_DATASET CONTENT_
+++

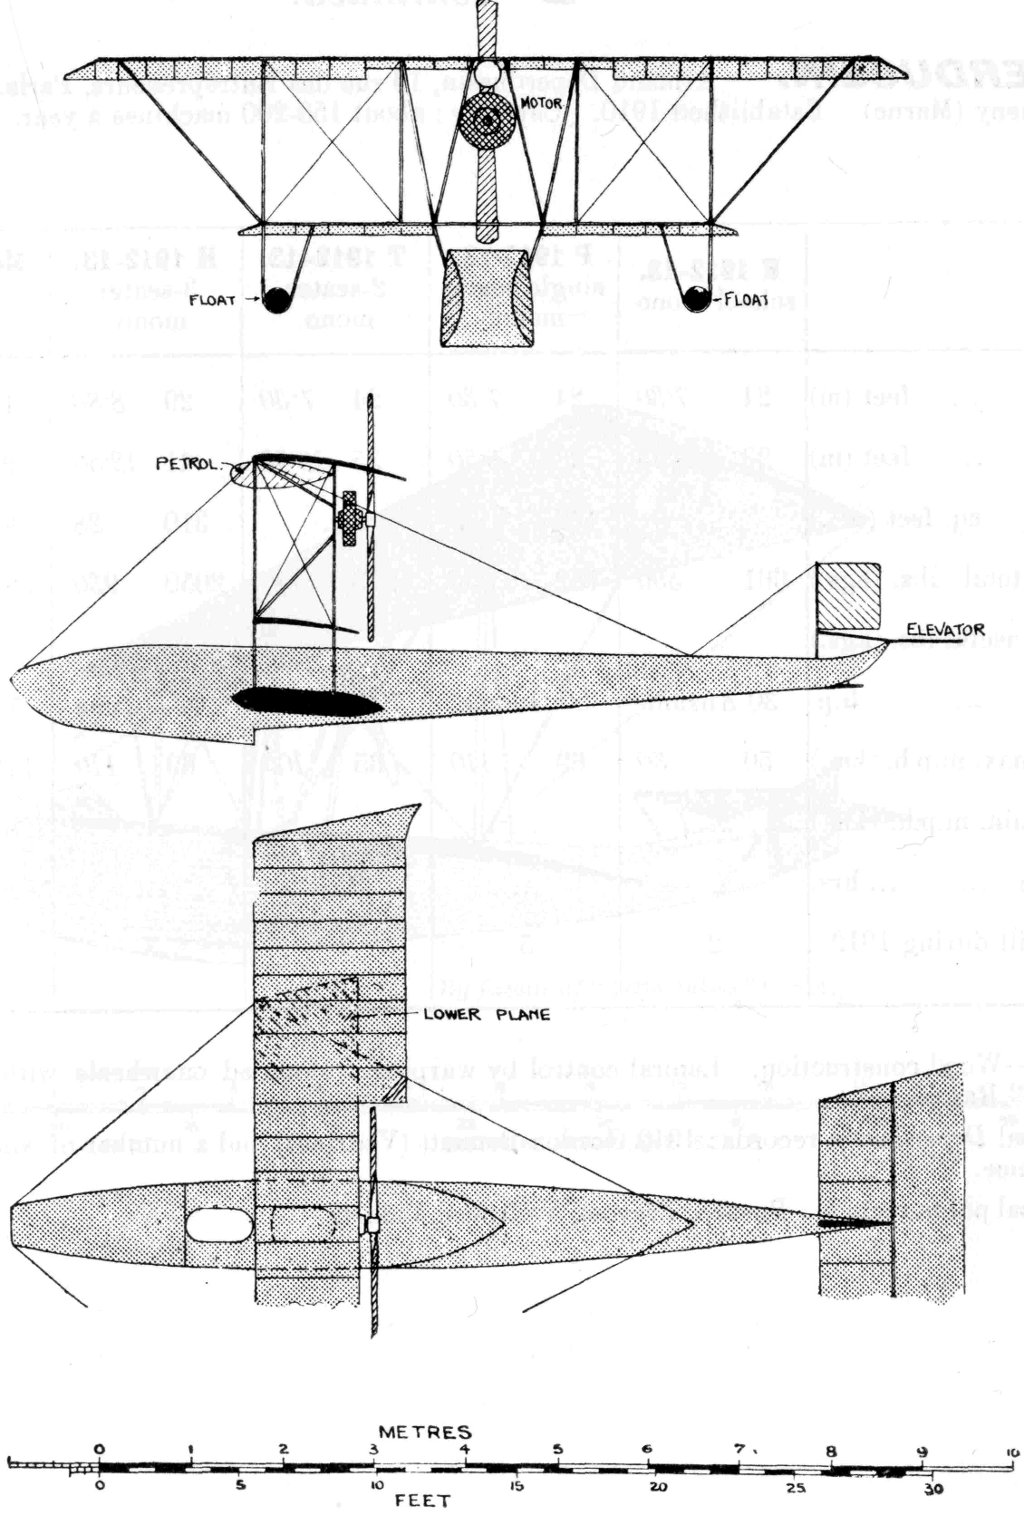 Uniform Aeroplane Scale
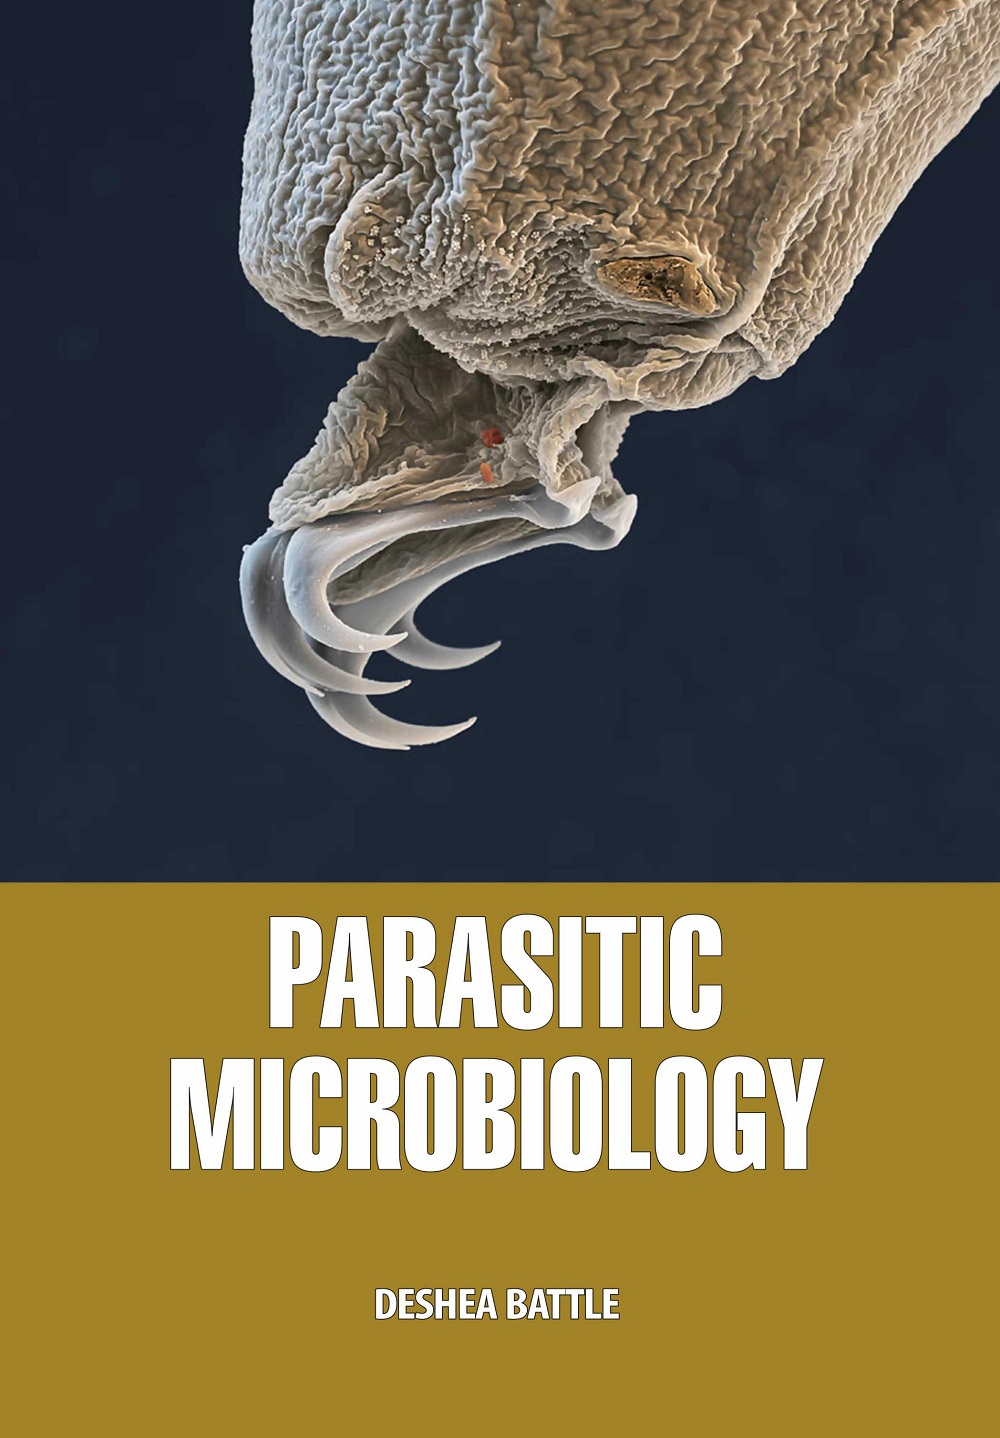 Parasitic Microbiology
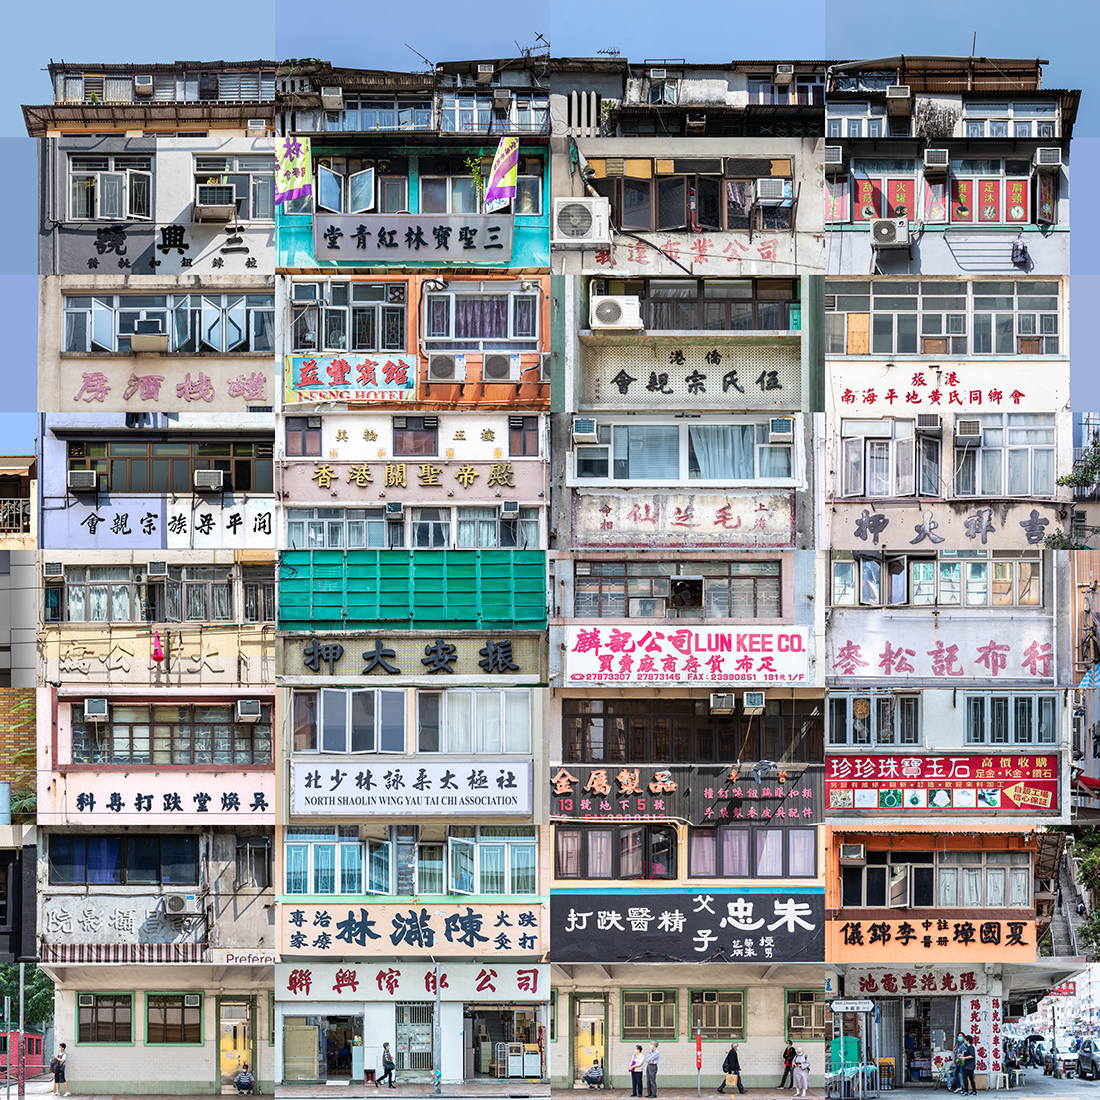 Tong Lau - the Colorful Building Blocks

+++

_EXERCISE BRIEF_
All of the material above should be copied exactly, minus the pictures.

_EXERCISE RESULT_
 Uniform Aeroplane Scale
 Parasitic Microbiology
 Tong Lau - the Colorful Building Blocks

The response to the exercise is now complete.